Ли с хохотом сорвалась с места, подрезая какой-то джип, вполне способный переехать их дуэт. Конечно, демону не угрожала смерть от такой ерунды, как мозги на асфальте, но приятного было в этом очень мало, если ты не мазохист крайней степени пришибленности. Эта характеристика точно к Лю не относилась, и он нервно прижался к Амелии поближе, обнимая её за талию.

— Крайне интимные поездки, не находишь? — спросил Лю громко, прям над ухом, — Это был твой план?

Но шлем и шум ветра не способствовали хорошей слышимости. И в ответ Ли громко заорала:

— Чё?

Лю цыкнул и гаркнул ещё громче:

— Ничё!

— А, — отозвалась Амелия.

Она совсем не сбавляла на поворотах, бесконечно лавировала между машинами, проскакивала на жёлтый, так что Лю живо рисовал себе картину, как их сбивает КАМАЗ на перекрёстке, а если они всё же успевают пронестись у него перед носом, то через мгновение уже катятся кувырком по встречке, и чья-то голова сочно хрустит под колесом, как спелый арбуз.

Но вот мелькнула белая табличка, перечёркнутая красным, обозначая конец города, шоссе расширилось, опустело, и всадники устремились к горизонту в медитативном одиночестве. Изредка они догоняли и обходили легковушки с пожилыми старичками за рулём, напряженно глядевшими вдаль, вытягивая тонкую шею. Ещё реже их догоняли юнцы на «клёвых тачилах», начинали обгон, и тогда Амелия прибавляла газ. Если бы в её распоряжении был конь помоложе, она бы им всем показала, но лошадка была, хоть и верной, но бывалой, и приходилось уступать. Лю с забавой чувствовал на себе презрительные взгляды, казалось, даже улавливал хохот, и насмешливо представлял, как бы он себя чувствовал на их месте, в их возрасте. Да, конечно, тоже бы посмеялся над мужичком в тряпье из секонда, прилипшем к своей крутой тёлке на подержанном мотике. Его бы не волновала история мужичка, тёлки и мотика. Чем вызвана эта коллаборация? Он альфонс или подкаблучник? А, может, заботливый партнёр, способный уступать и не ущемляться от таких банальных вещей? А она? Любит его? Использует? А может это вообще не «она»? Почему именно эта модель мотоцикла, почему в таком хорошем состоянии? Его любят? Или это только обложка? Столько теорий можно было бы построить. Романтичных и нелепых. Но это в их возрасте и положении безразлично. Смешнее назвать кого-то идиотом и пустить пыль в глаза. Лю сощурился и уткнулся Амелии в спину: не пыль, но насекомые всё-таки по лицу прилетали.

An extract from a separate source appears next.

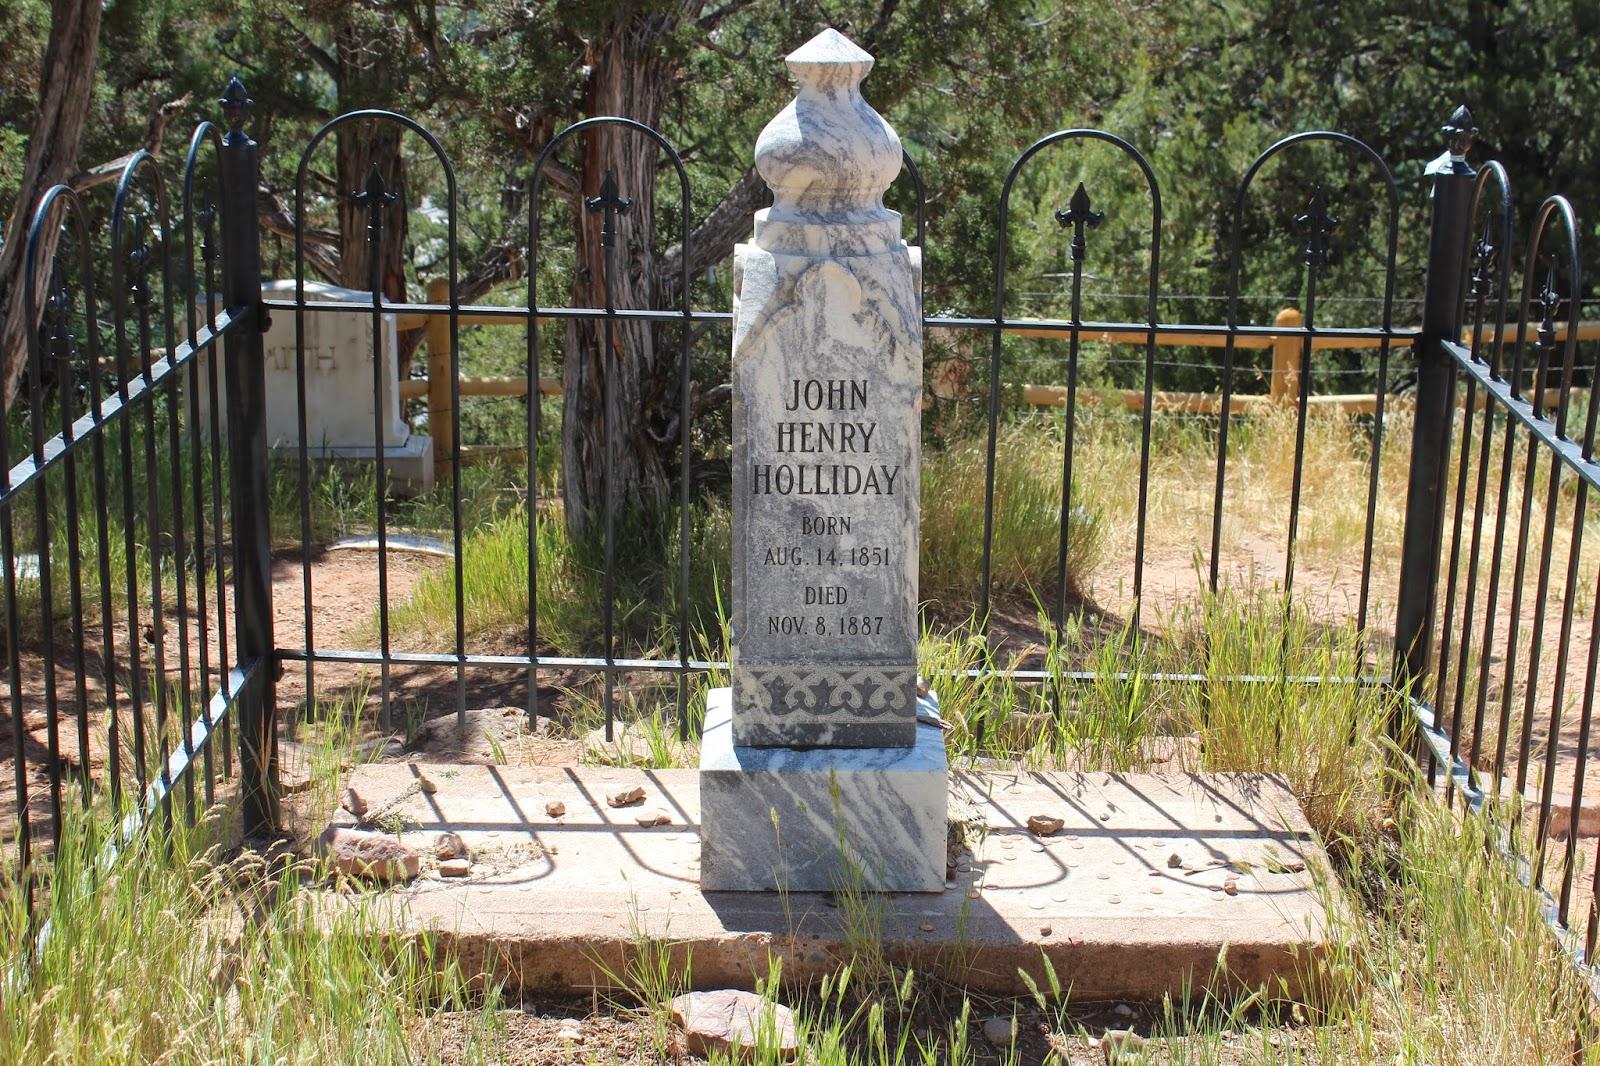 Wyatt Earp clipart burial Holliday's Johnny doc Gallery Of

Несколько десятков километров пролетели незаметно. Приметив знак с изображением пьяной ёлки и табуретки Амелия сбавила скорость и съехала на появившуюся из-за поворота площадку с бетонной беседкой и изувеченным, рассыпающимся от ржавчины, мангалом. На другом конце площадки находился туалет, повёрнутый к лесу передом, к беседке задом. Как можно догадаться по расположению отхожей избушки, место отдыха окружали искусственно высаженные деревья, за годы самовольного взросления приобретшие очертания леса. Довершало картину обрамление из колючих кустов, почти растерявших листья.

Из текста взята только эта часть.